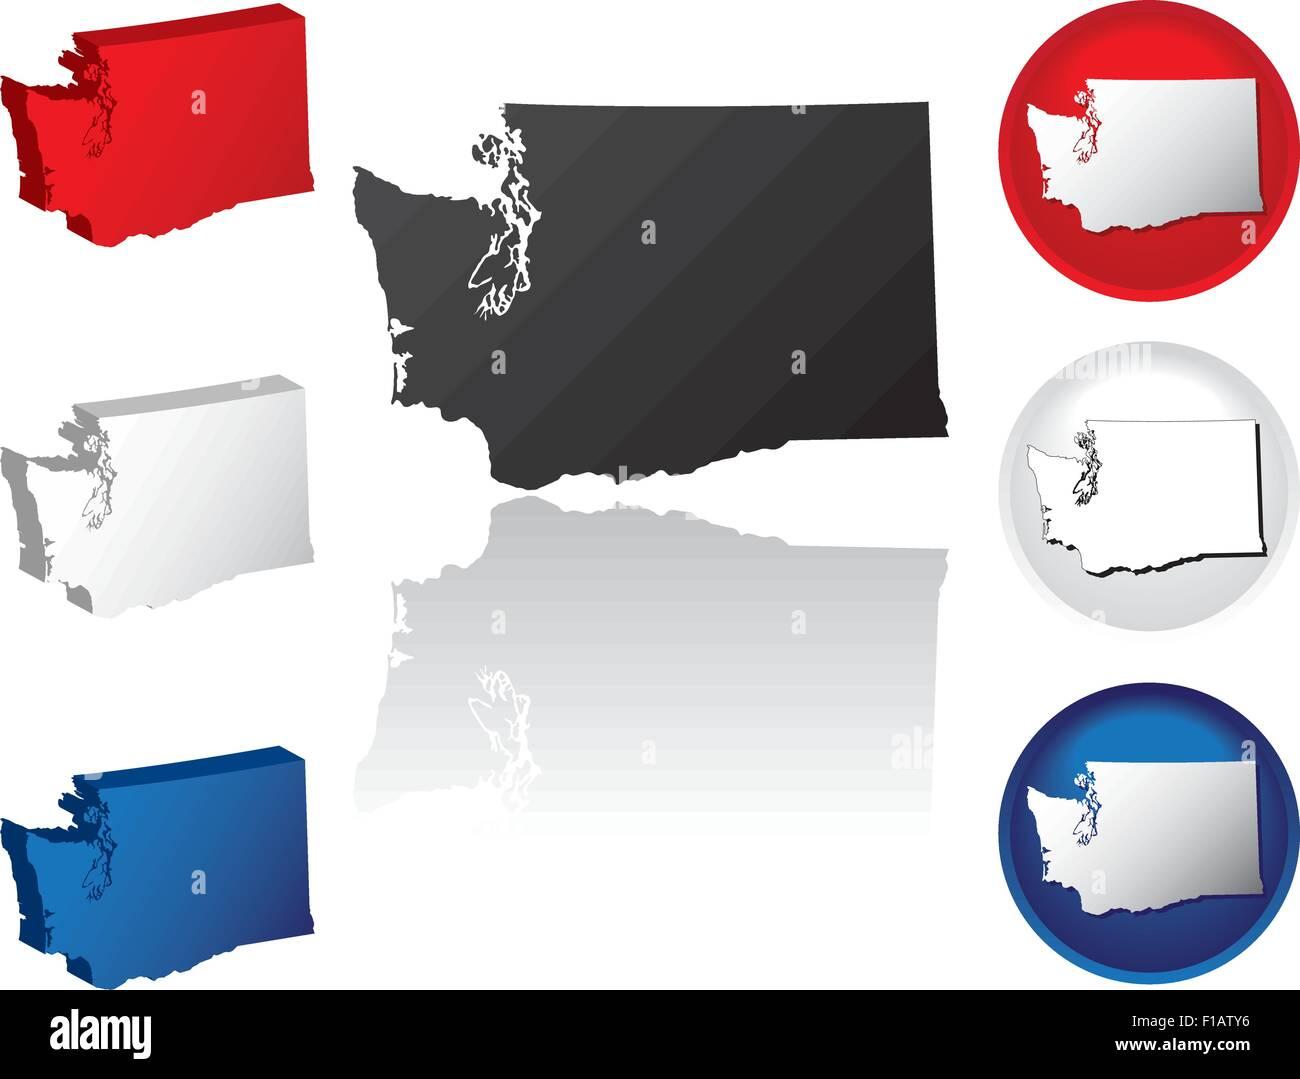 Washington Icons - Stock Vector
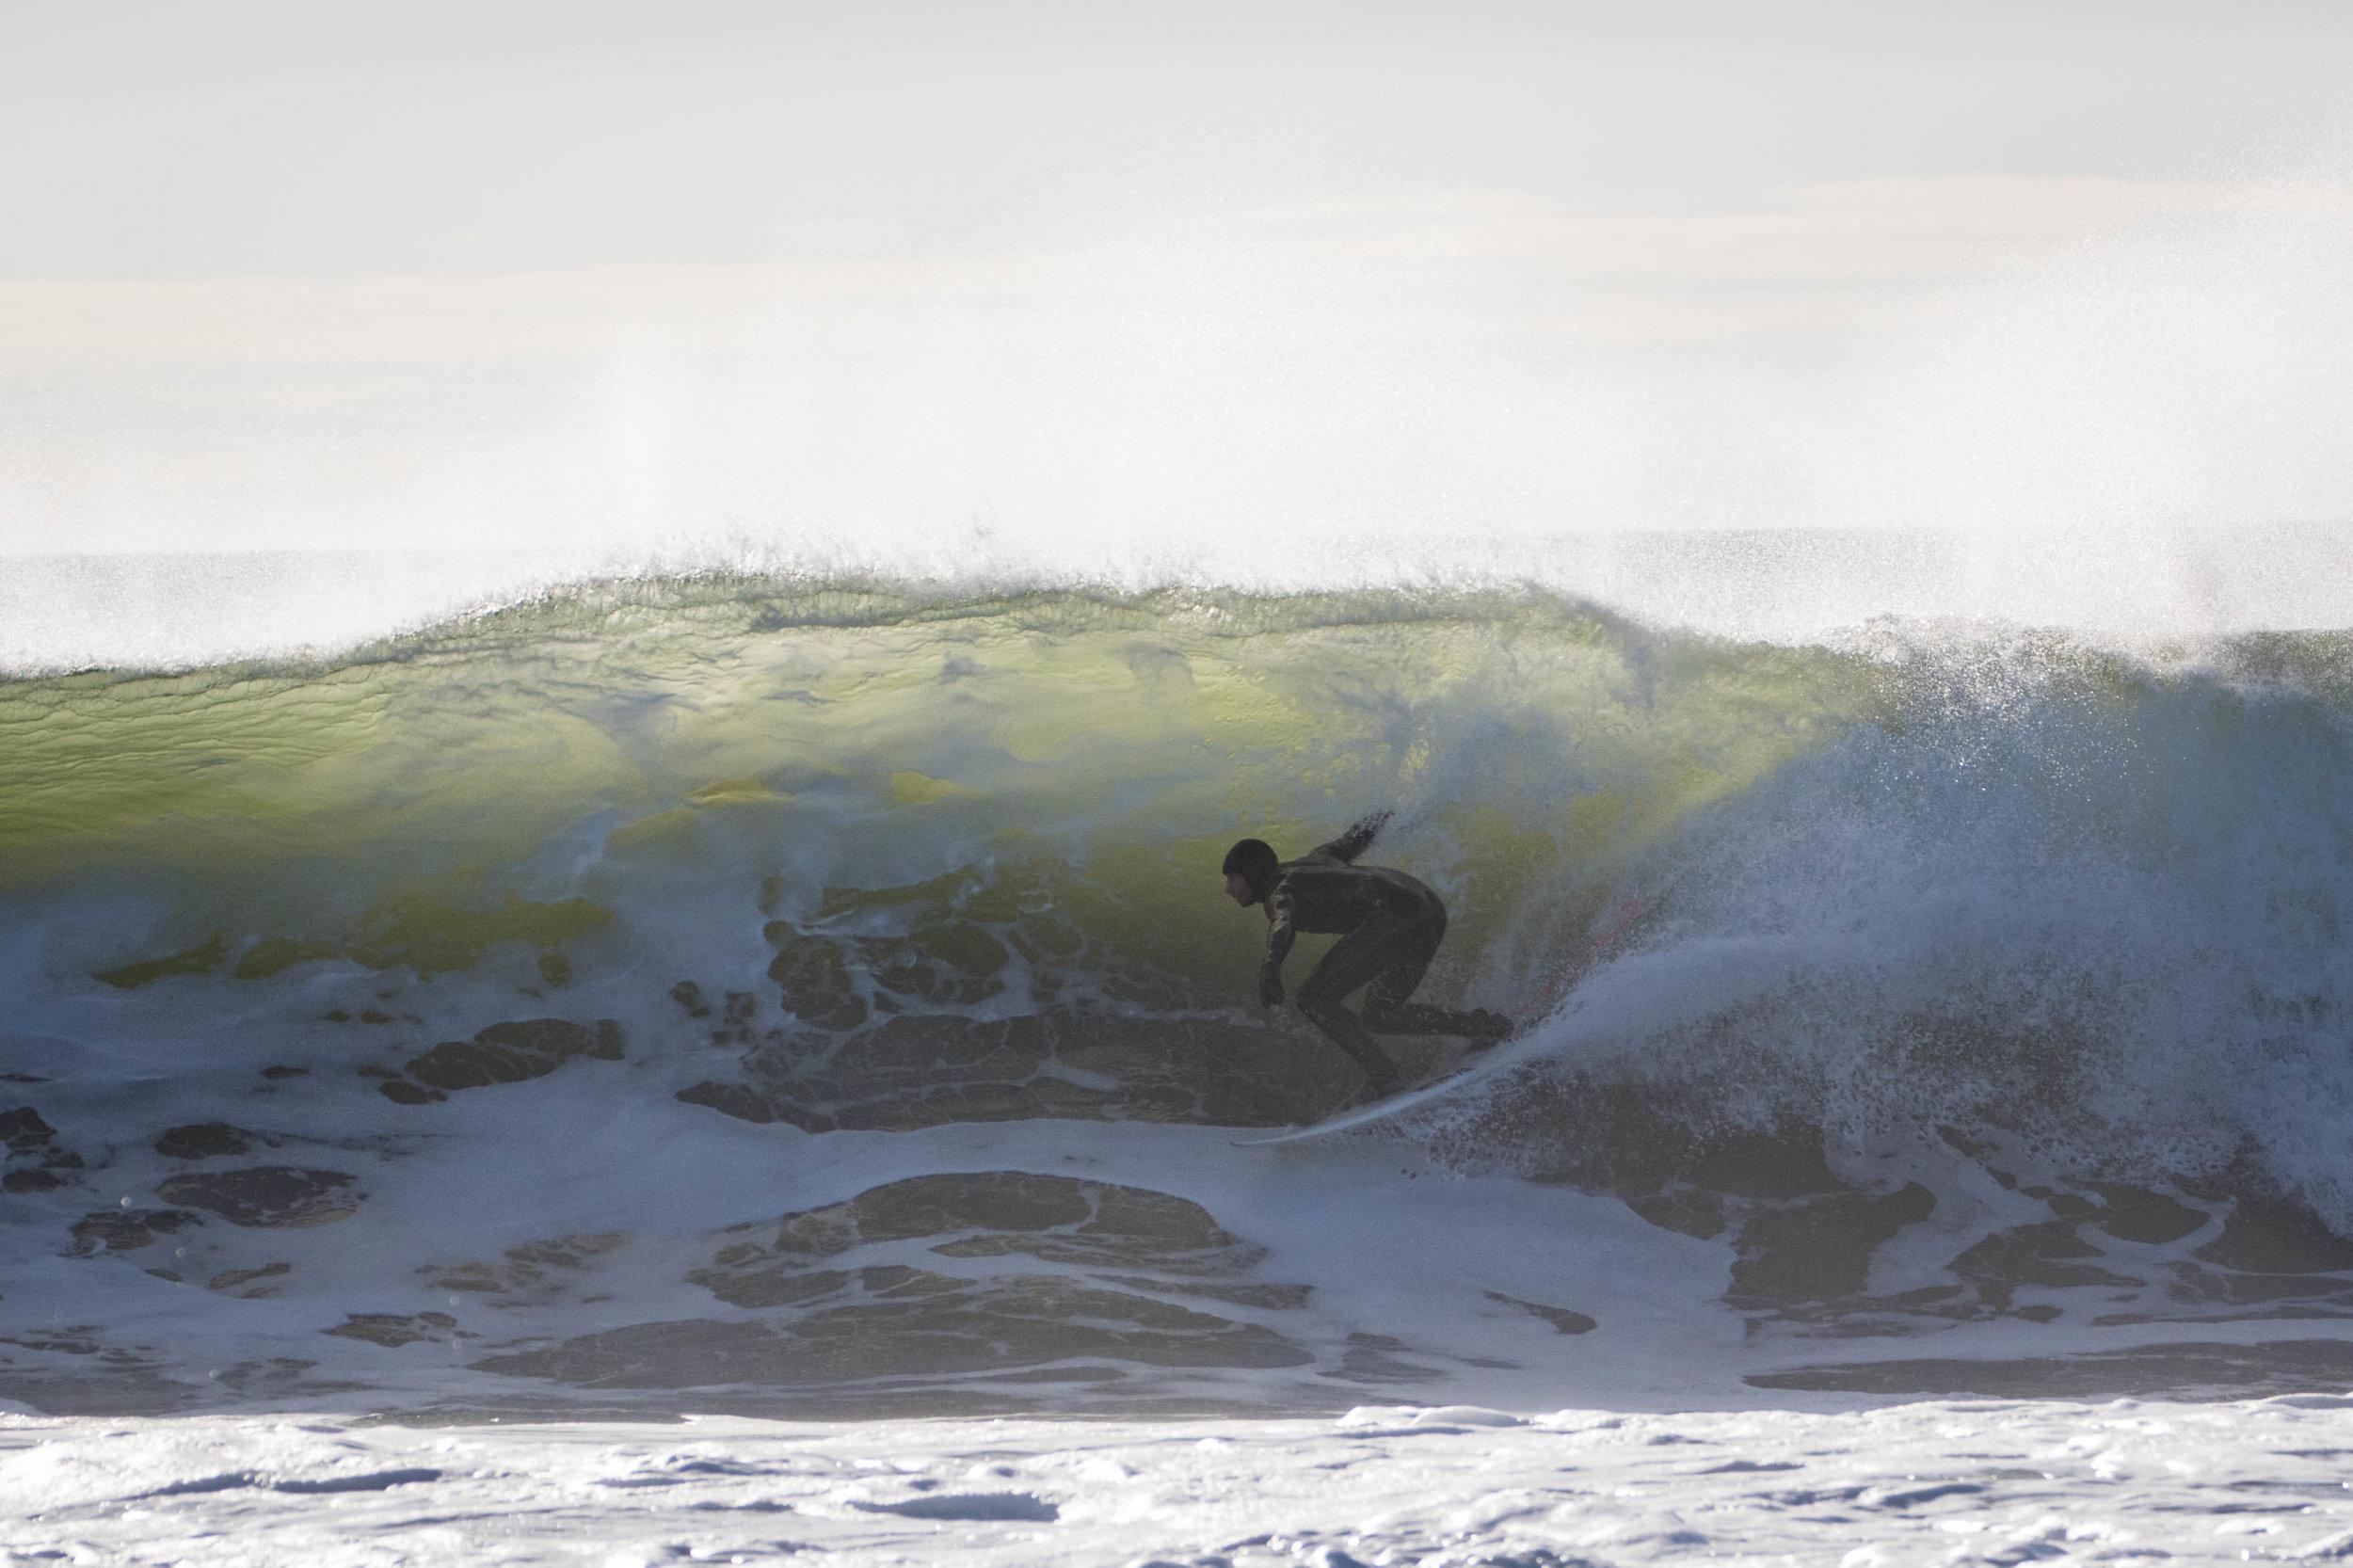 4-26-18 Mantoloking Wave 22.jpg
* * *
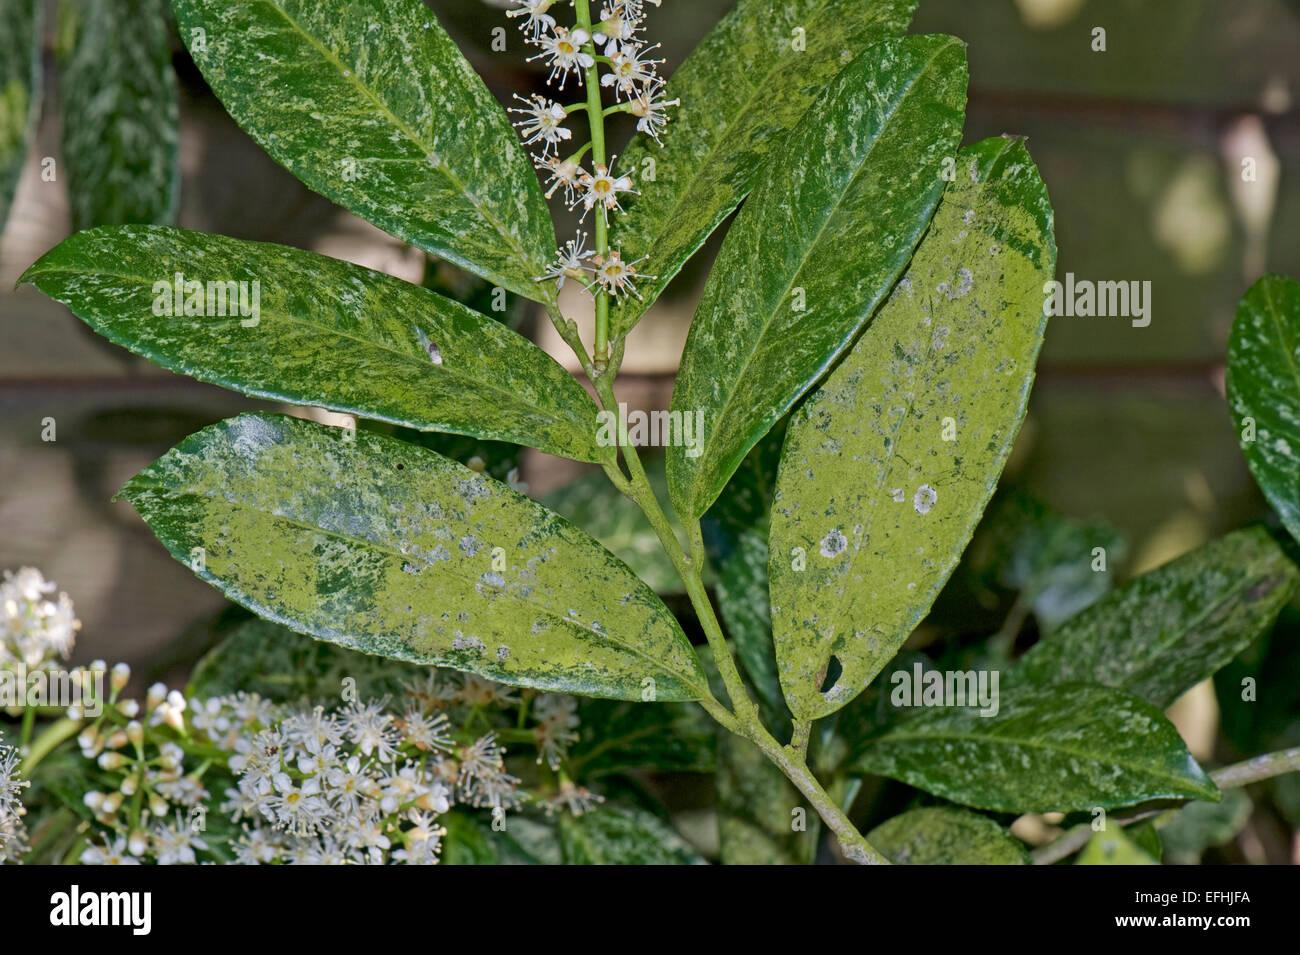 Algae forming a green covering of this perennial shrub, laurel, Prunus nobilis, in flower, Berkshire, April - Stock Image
* * *
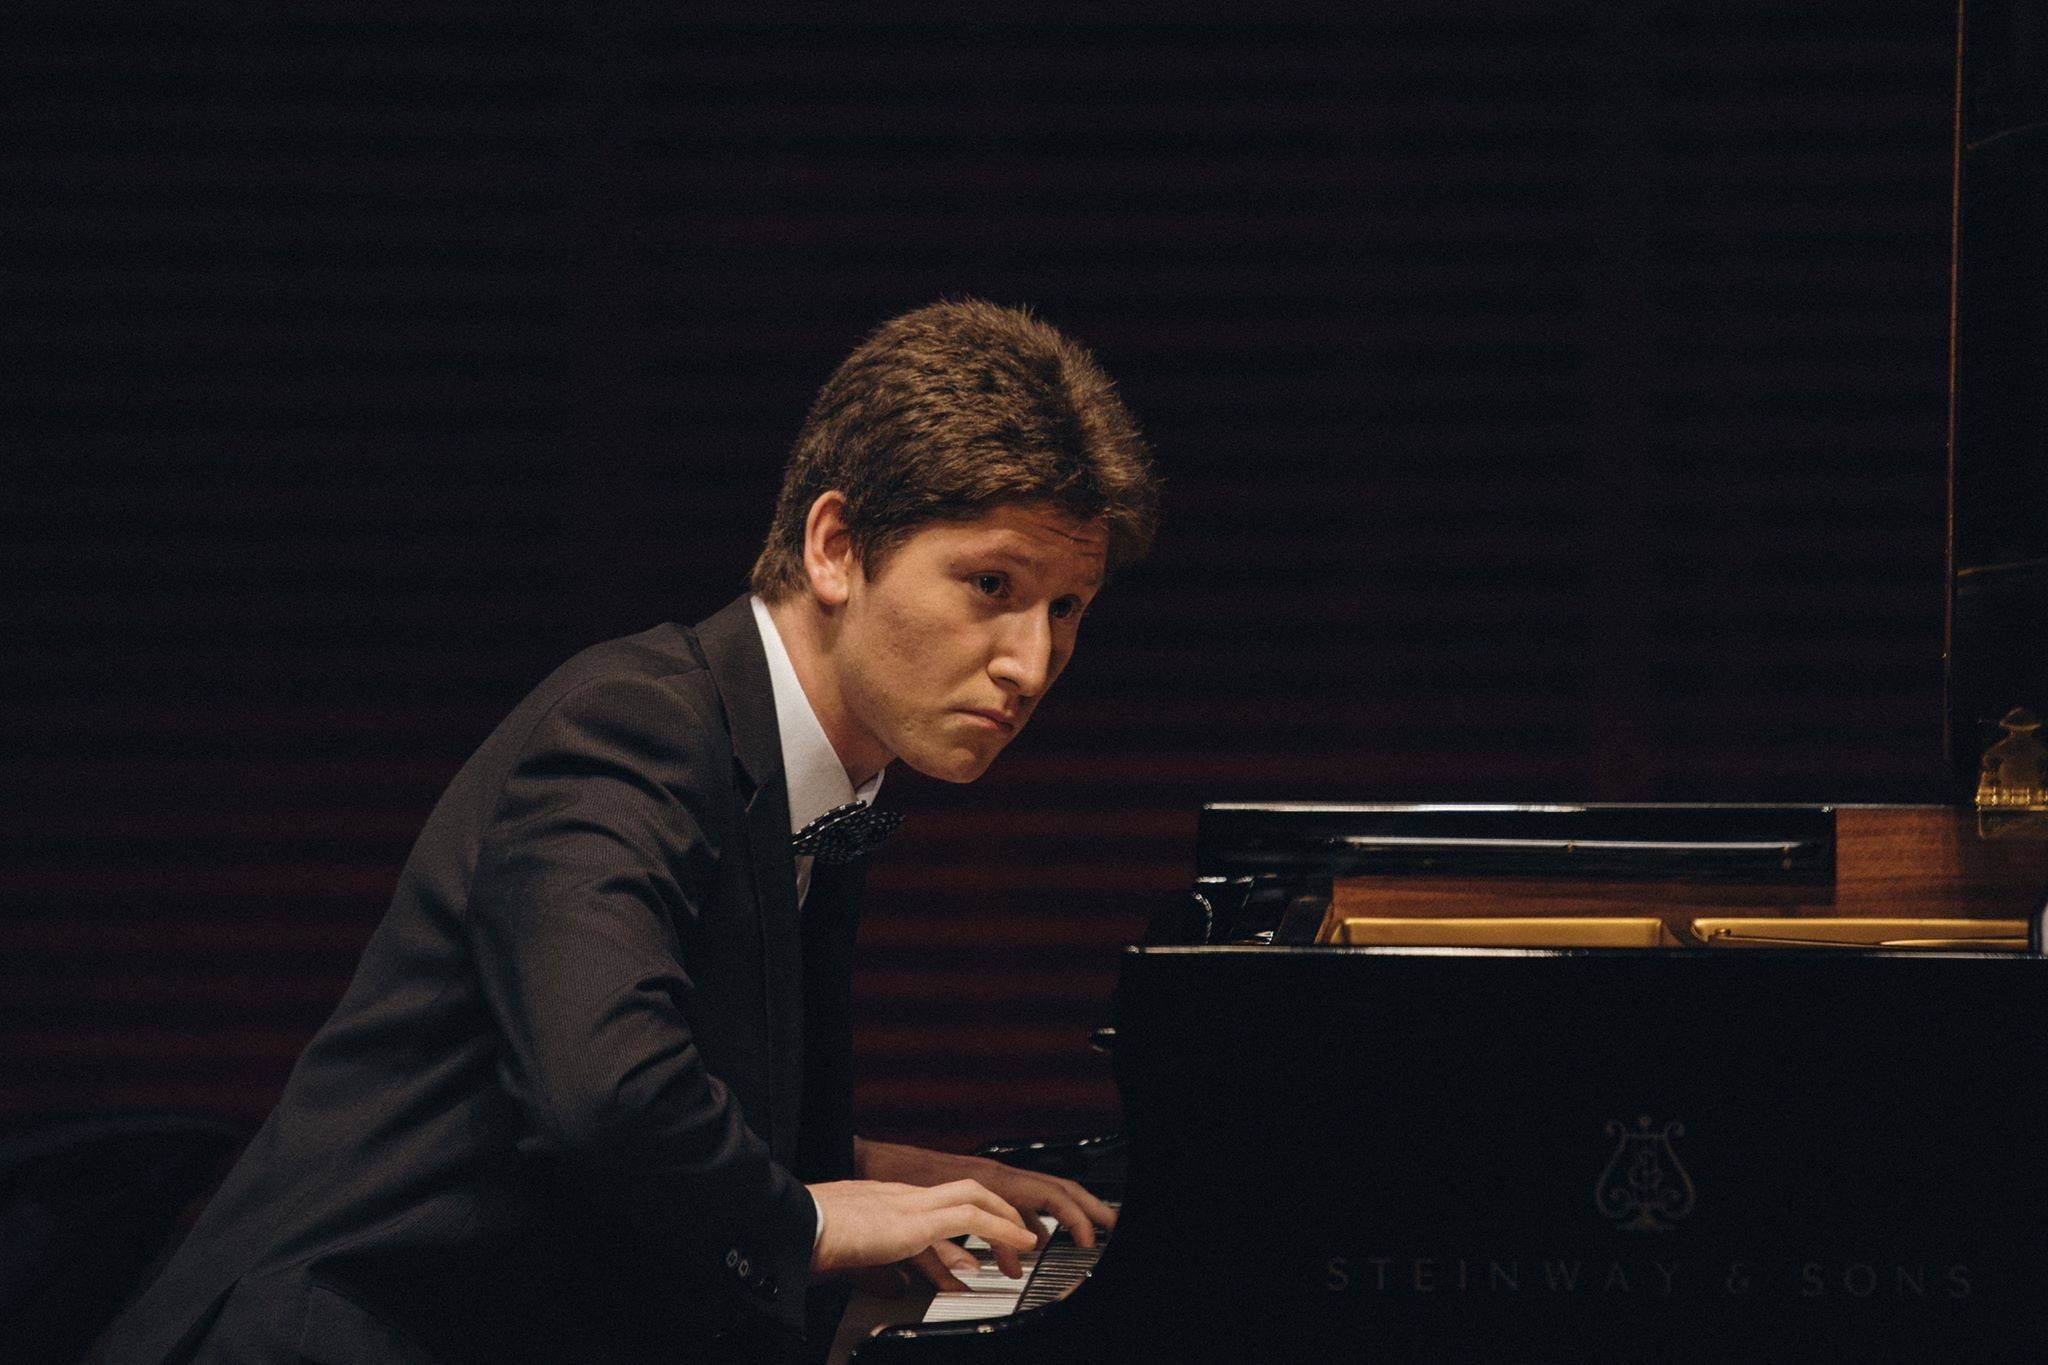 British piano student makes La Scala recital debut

- [Requirement]
Set the pictures aside and reproduce exactly the lines above, from the line holding "Washington Icons - Stock Vector" through the line holding "4-26-18 Mantoloking Wave 22.jpg", both included, with nothing else.

- [Written solution]
 Washington Icons - Stock Vector
 4-26-18 Mantoloking Wave 22.jpg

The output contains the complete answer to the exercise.